To verify whether a monthly deposit of $100 at an interest rate of 5%, compounded monthly, will amount to $15,528.23 over 10 years, we can use the future value of an annuity formula:
\[ FV = P \times \frac{(1 + r)^n - 1}{r} \]
Where:
- \( FV \) = future value of the annuity
- \( P \) = amount of each deposit (payment)
- \( r \) = interest rate per period
- \( n \) = total number of payments
For this scenario:
- \( P = 100 \) (monthly deposit)
- Annual interest rate = 5%, so monthly interest rate \( r = \frac{0.05}{12} = \frac{0.05}{12} \approx 0.0041667 \)
- Total payments over 10 years = \( 10 \times 12 = 120 \)
Substituting the values:
\[ FV = 100 \times \frac{(1 + 0.0041667)^{120} - 1}{0.0041667} \]
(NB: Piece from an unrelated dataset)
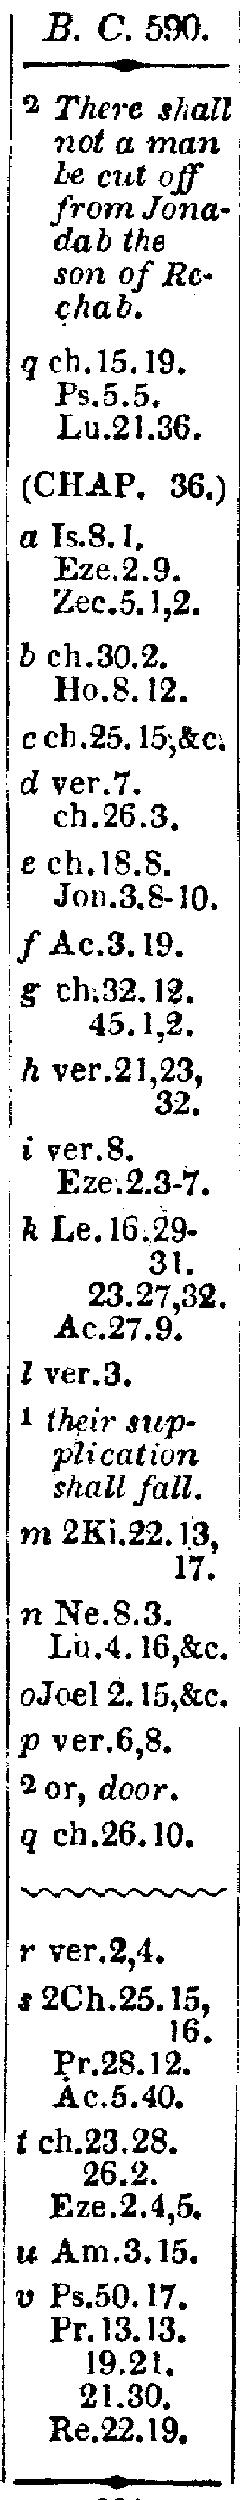 [merged small][merged small][ocr errors][ocr errors][ocr errors][merged small][merged small][ocr errors][ocr errors][ocr errors][merged small][ocr errors][ocr errors][ocr errors][ocr errors][ocr errors]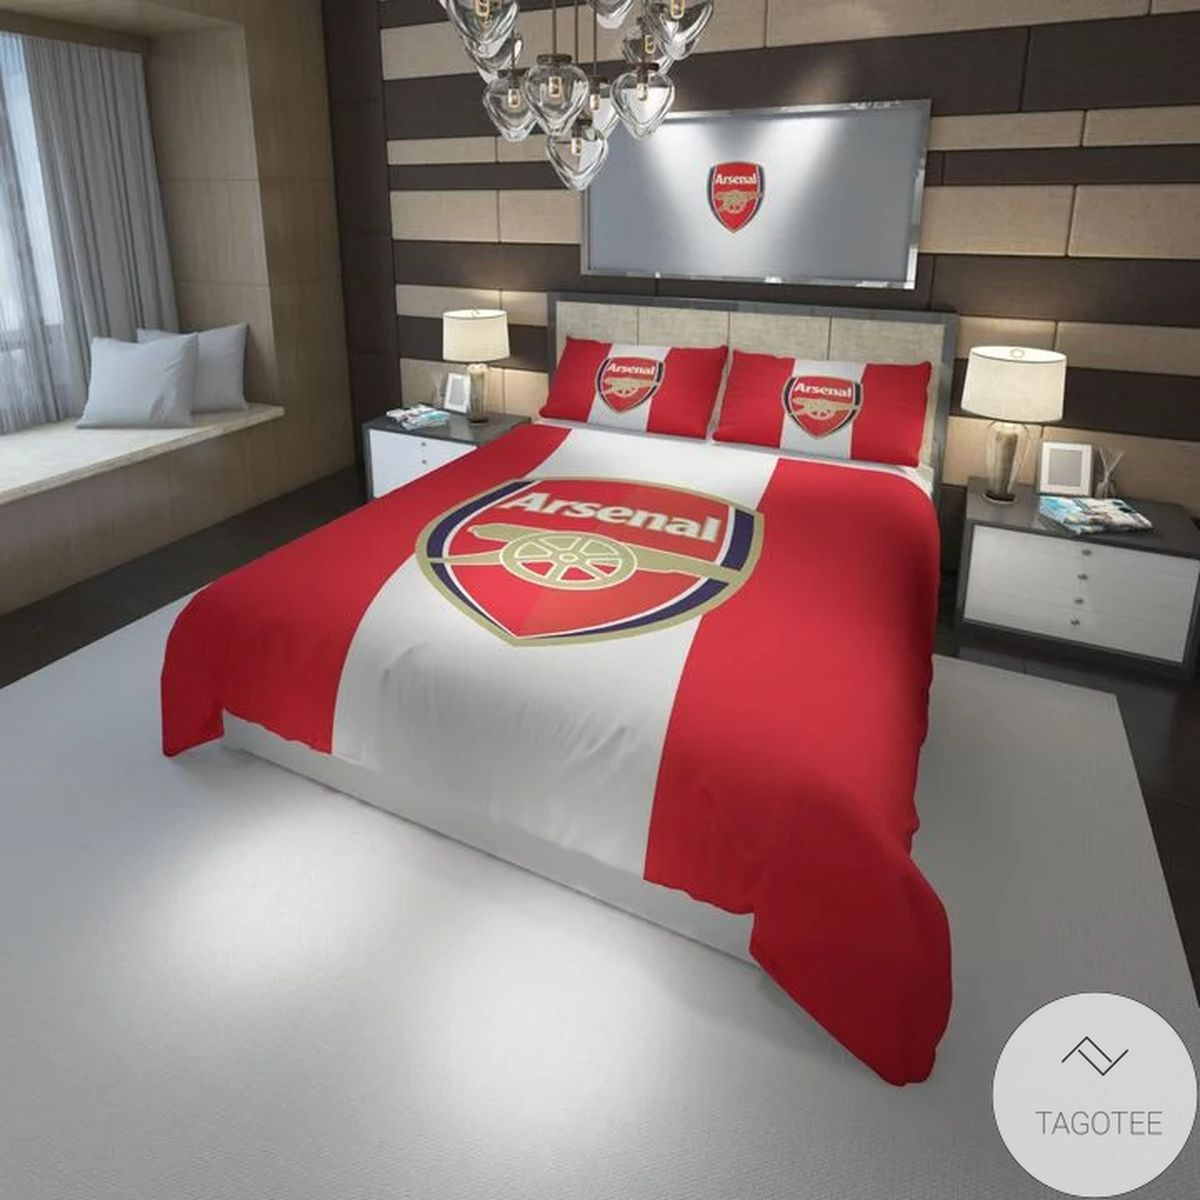 Arsenal Fc Football Club Bedding Set

Calculating \( (1 + 0.0041667)^{120} \):
\[ (1 + 0.0041667)^{120} \approx 1.647009 \]
Now, substituting this value back into the formula:
\[ FV = 100 \times \frac{1.647009 - 1}{0.0041667} \]
Calculating:
\[ \frac{1.647009 - 1}{0.0041667} = \frac{0.647009}{0.0041667} \approx 155.28 \]
\[ FV \approx 100 \times 155.28 \approx 15528 \]
Thus, the future value \( FV \) is approximately $15,528, which confirms your statement. Therefore, a $100 monthly deposit at an interest rate of 5% compounded monthly will indeed amount to $15,528.23 after 10 years.